Any modifications you make to the run in your annotation queue will carry over to the dataset, and all metadata associated with the run will also be copied.
Note you can also set up rules to add runs that meet criteria to an annotation queue, and then follow the guide below for adding from annotation queues.
Add runs directly via the Datasets UI
Go to the Datasets & Experiments UI, click the Examples
tab, and + Example
. This will let you define examples in JSON inline.
Add synthetic examples created by an LLM via the Datasets UI
If you have a schema defined on your dataset, when you click + Example
you'll see an option to Generate examples
. This will use an LLM to create synthetic examples.
You have to do the following:
- Select few-shot examples: Choose a set of examples to guide the LLM's generation. You can manually select these examples from your dataset or use the automatic selection option.
- Specify the number of examples: Enter the number of synthetic examples you want to generate.
- Configure API Key: Ensure your OpenAI API key is entered at the "API Key" link.
After clicking "Generate," the examples will appear on the page. You can choose which examples to add to your dataset, with the option to edit them before finalizing. Each example will be validated against your specified dataset schema and tagged as "synthetic" in the source metadata.
Export a dataset
You can export your LangSmith dataset to CSV or OpenAI evals format directly from the web application.
To do so, click "Export Dataset" from the homepage. To do so, select a dataset, click on "Examples", and then click the "Export Dataset" button at the top of the examples table.
This will open a modal where you can select the format you want to export to.

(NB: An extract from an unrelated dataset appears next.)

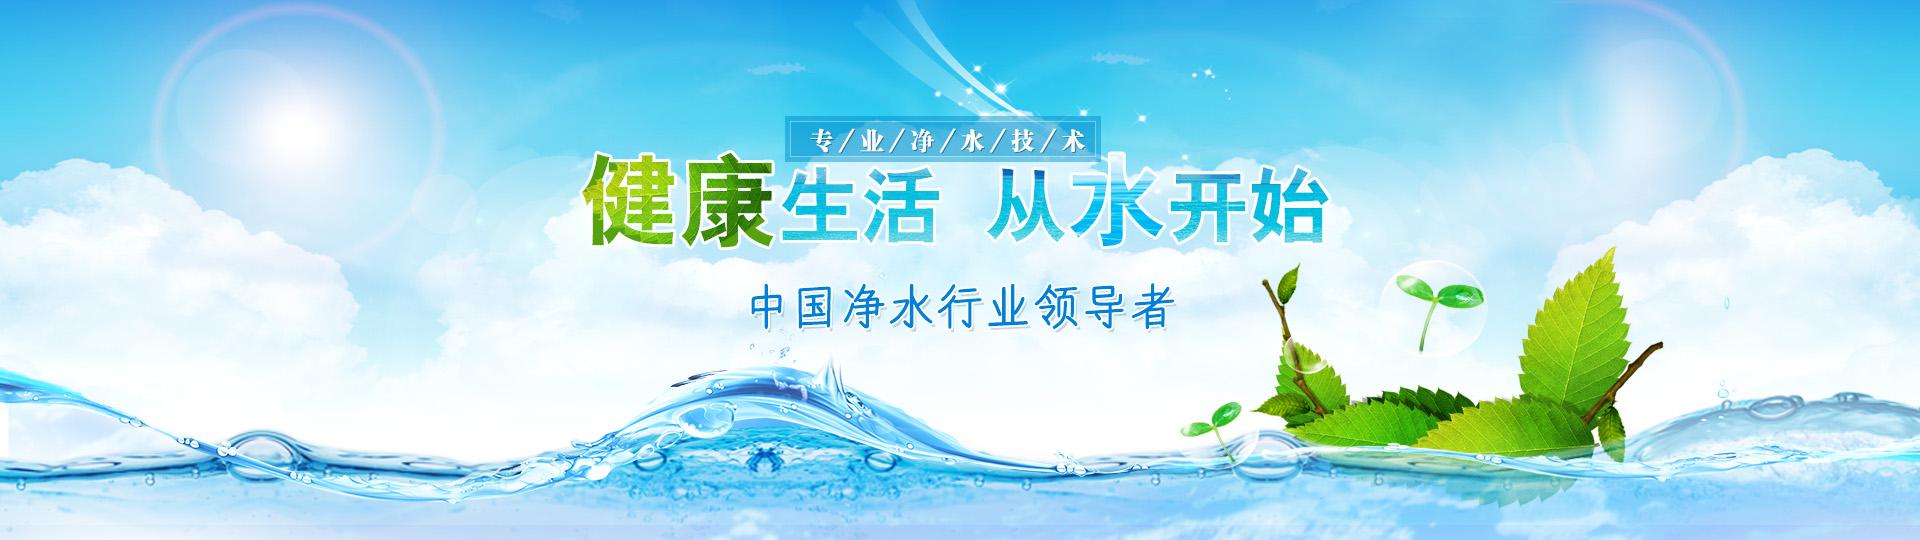 陕西原水处理设备公司

Create and manage dataset splits
Dataset splits are divisions of your dataset that you can use to segment your data. For example, it is common in machine learning workflows to split datasets into training, validation, and test sets. This can be useful to prevent overfitting - where a model performs well on the training data but poorly on unseen data. In evaluation workflows, it can be useful to do this when you have a dataset with multiple categories that you may want to evaluate separately; or if you are testing a new use case that you may want to include in your dataset in the future, but want to keep separate for now. Note that the same effect can be achieved manually via metadata - but we expect splits to be used for higher level organization of your dataset to split it into separate groups for evaluation, whereas metadata would be used more for storing information on your examples like tags and information about its origin.
In machine learning, it is best practice to keep your splits separate (each example belongs to exactly one split). However, we allow you to select multiple splits for the same example in LangSmith because it can make sense for some evaluation workflows - for example, if an example falls into multiple categories on which you may want to evaluate your application.

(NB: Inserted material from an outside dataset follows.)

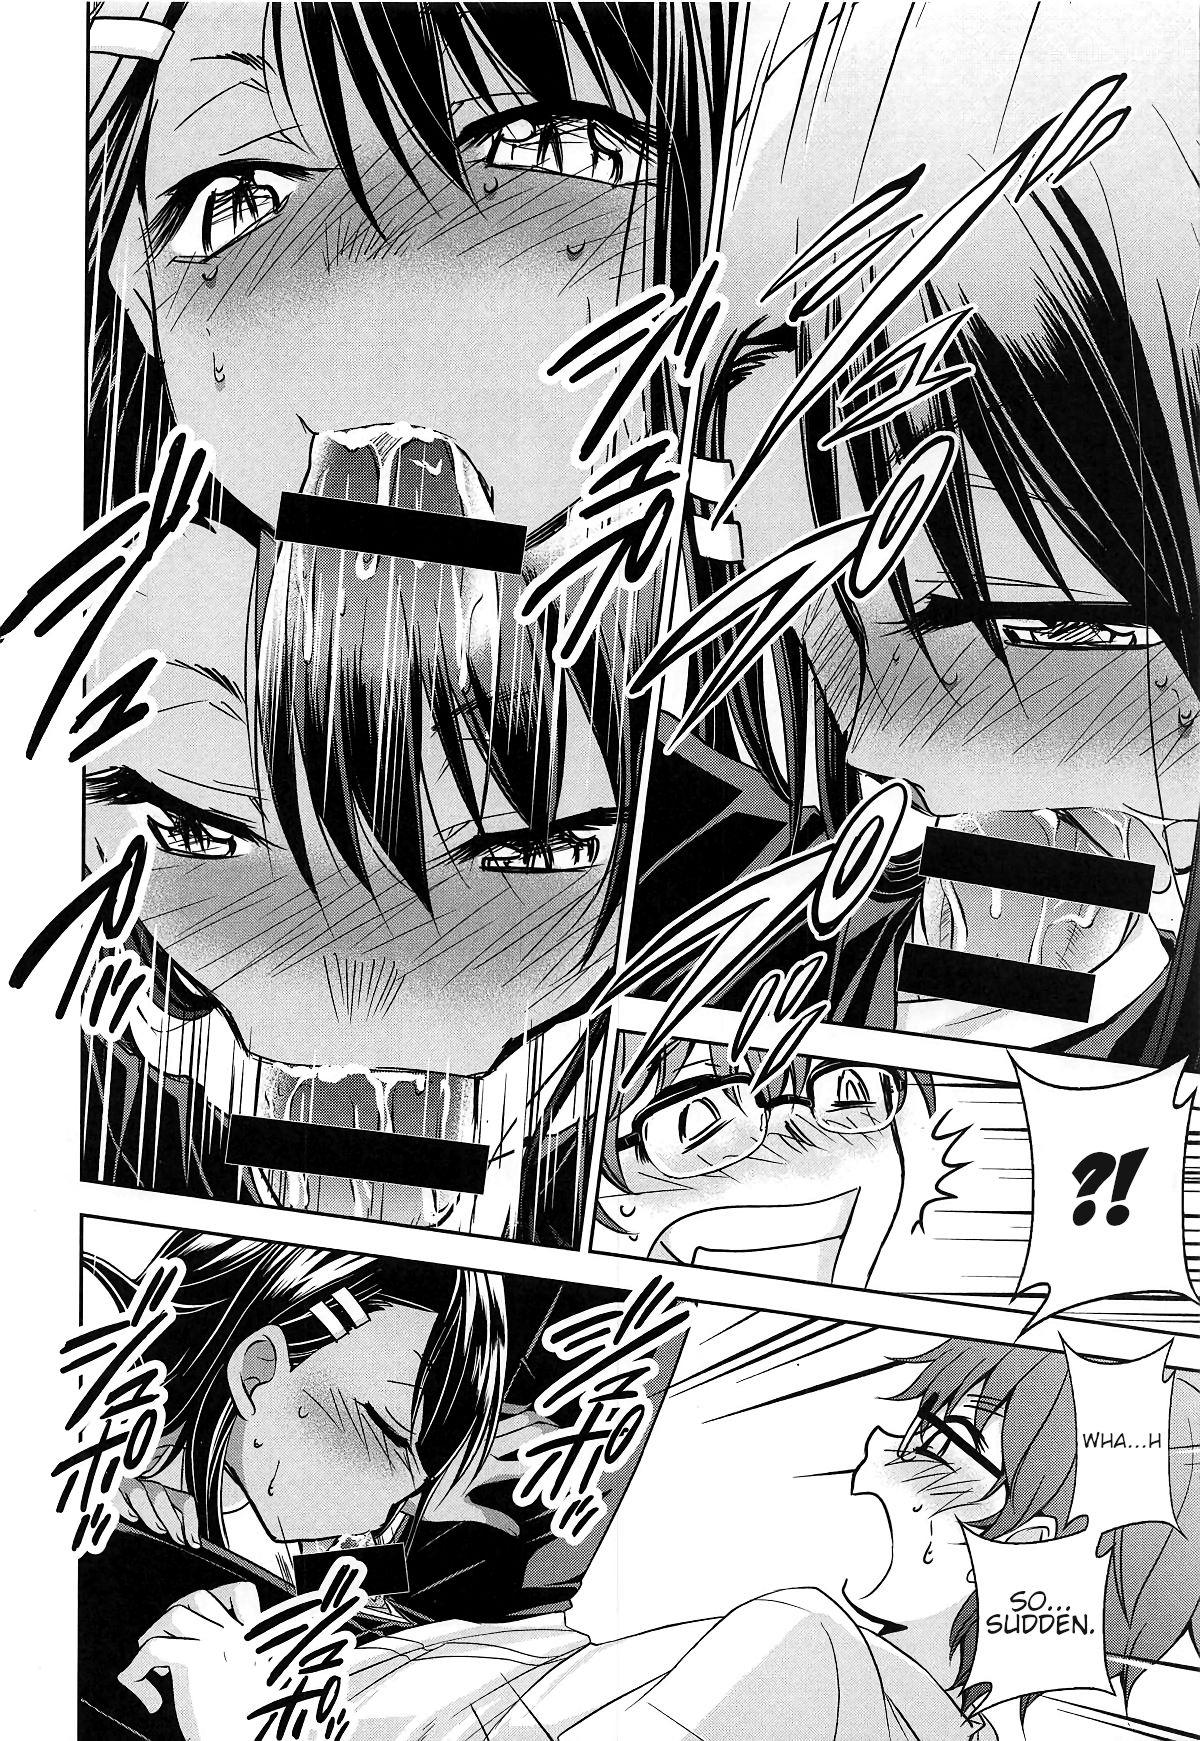 (C95) [Studio KIMIGABUCHI (Kimimaru)] Ijirimakutte, Nagatoro-san 2 | Don't play with me, Nagatoro-san 2 (Ijiranaide, Nagatoro-san) [English] [Naizuri | VenEttore] 10

In order to create and manage splits in the app, you can select some examples in your dataset and click "Add to Split". From the resulting popup menu, you can select and unselect splits for the selected examples, or create a new split.
Edit example metadata
You can add metadata to your examples by clicking on an example and then clicking on the "Metadata" tab in the side pane.
From this page, you can update/delete existing metadata, or add new metadata. You may use this to store information about
your examples, such as tags or version info, which you can then filter by when you call list_examples
in the SDK.
Filter examples
You can filter examples by metadata key/value or full-text search. To filter examples, click "Filter" in the top left of the table:
Next, click "Add filter" and select "Full Text" or "Metadata" from the resulting dropdown. You may add multiple filters, and only examples that satisfy all of the filters will be displayed in the table.